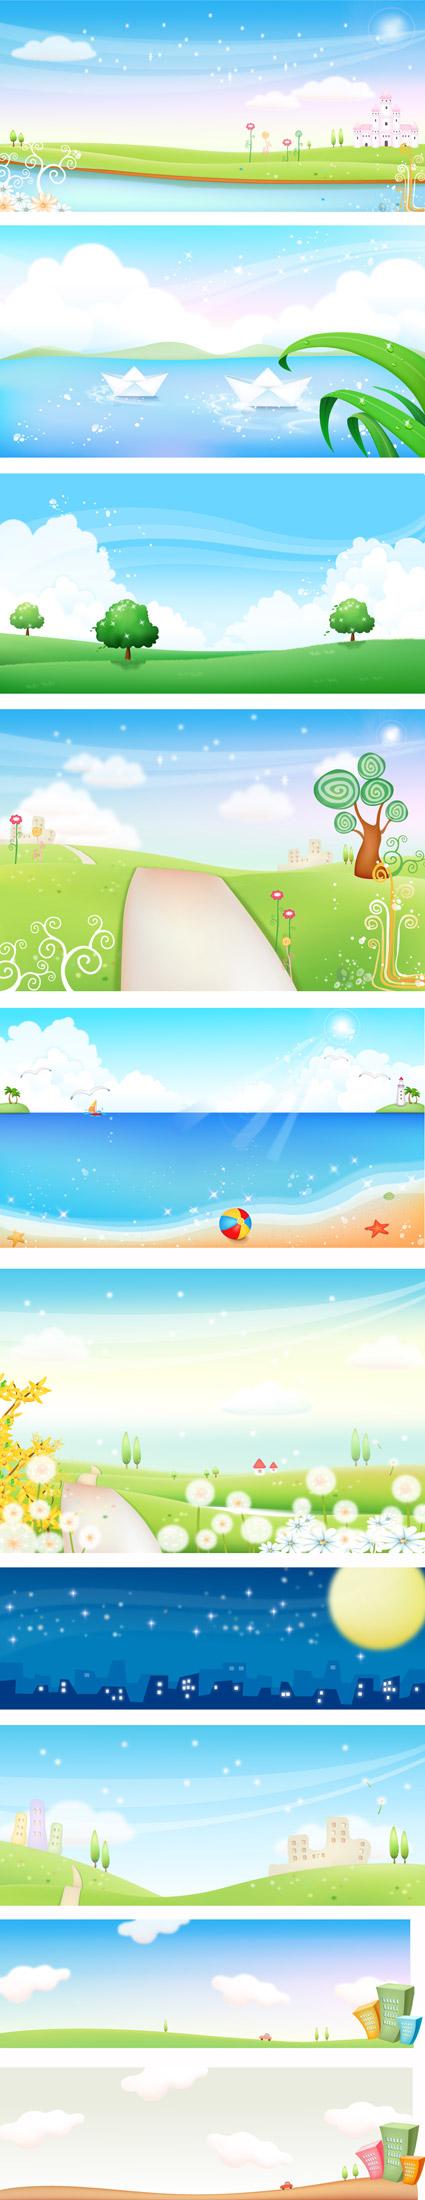 paisaje de primavera y verano
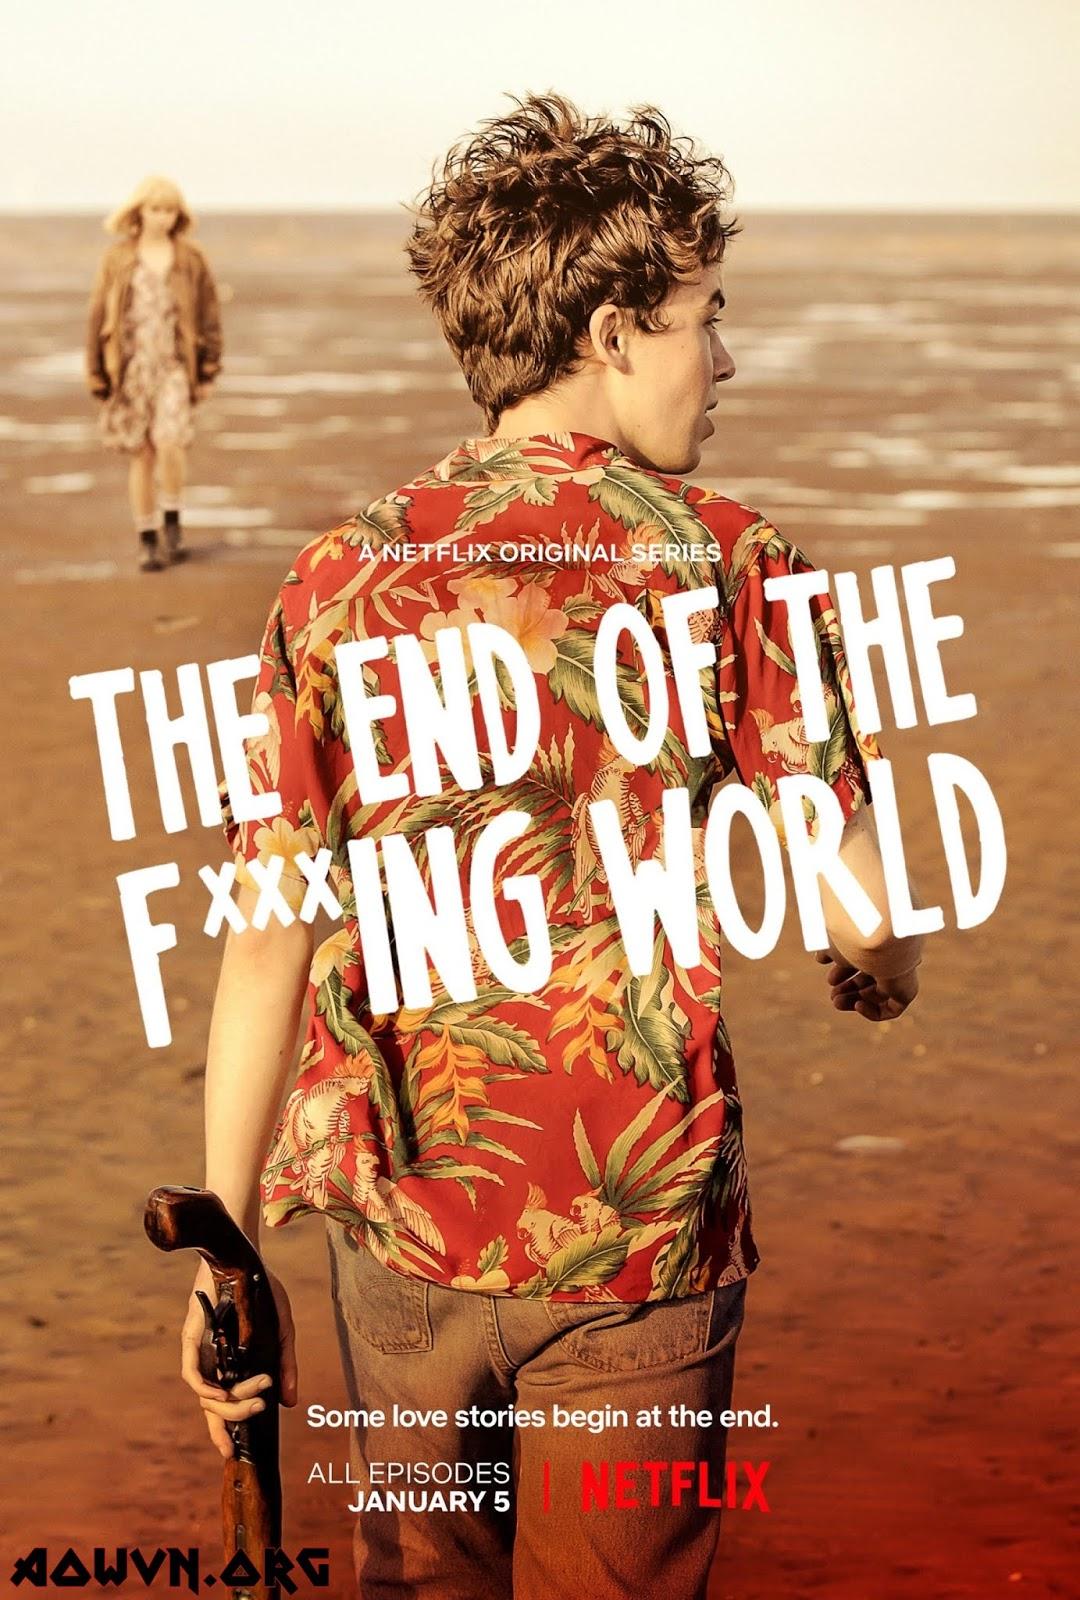 22c3698c73546ed9a9e131ca21c05798 - [ Phim 3gp Mp4 ] The End Of The F***ing World | Vietsub - Tâm lí - Tình Cảm - Tuyệt phẩm Netflix
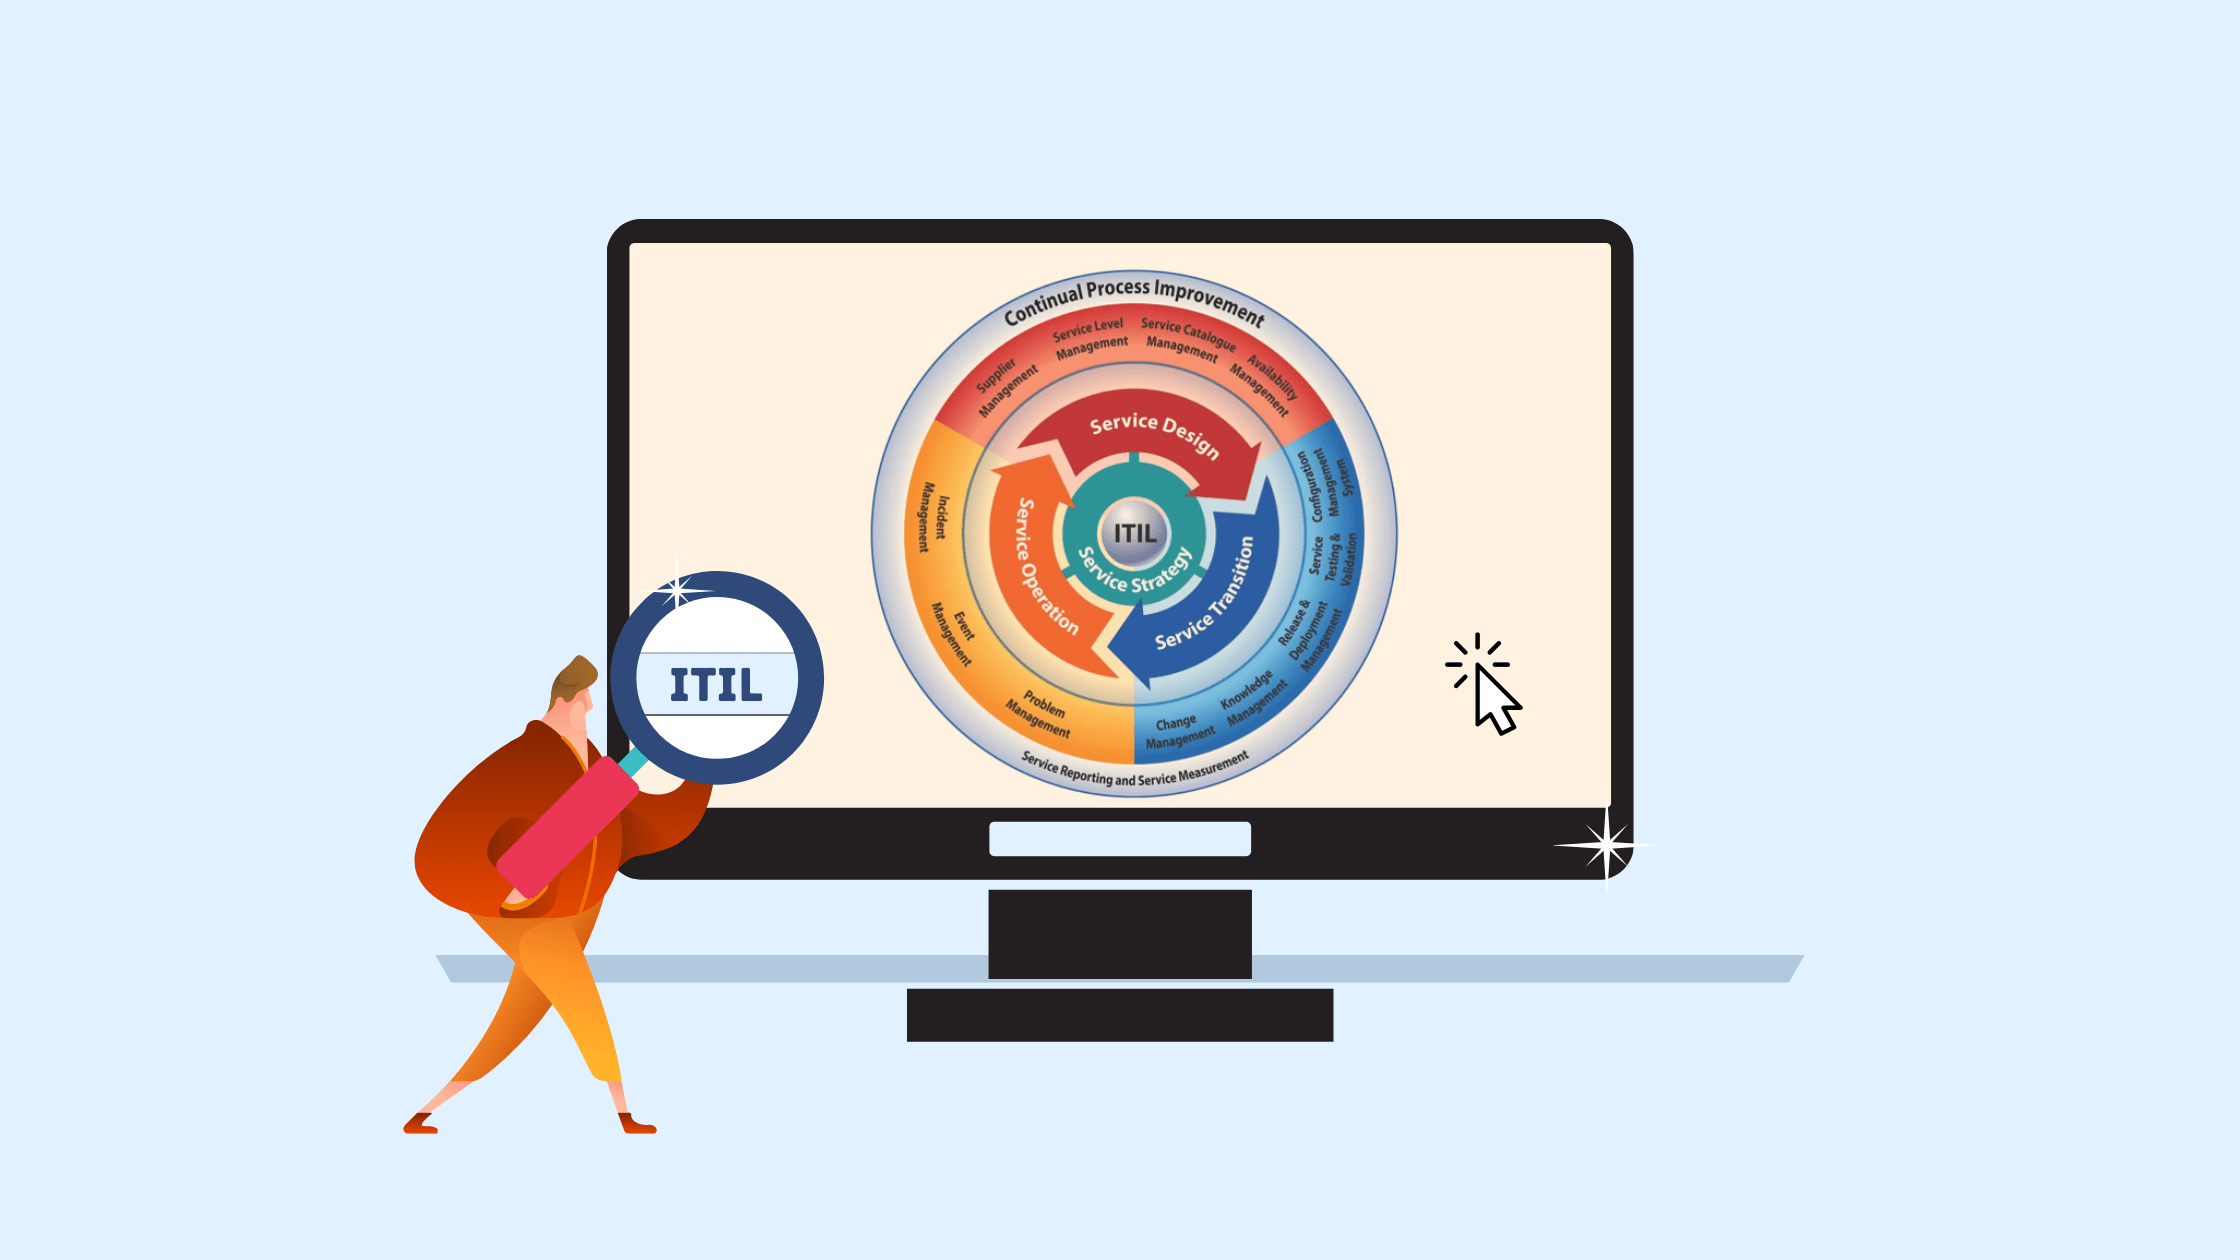 qué es ITIL

* _REQUIRED ACTION_
First drop every picture, then print the data above exactly as it stands.

* _OUTPUT OF THE TASK_
 paisaje de primavera y verano
 22c3698c73546ed9a9e131ca21c05798 - [ Phim 3gp Mp4 ] The End Of The F***ing World | Vietsub - Tâm lí - Tình Cảm - Tuyệt phẩm Netflix
 qué es ITIL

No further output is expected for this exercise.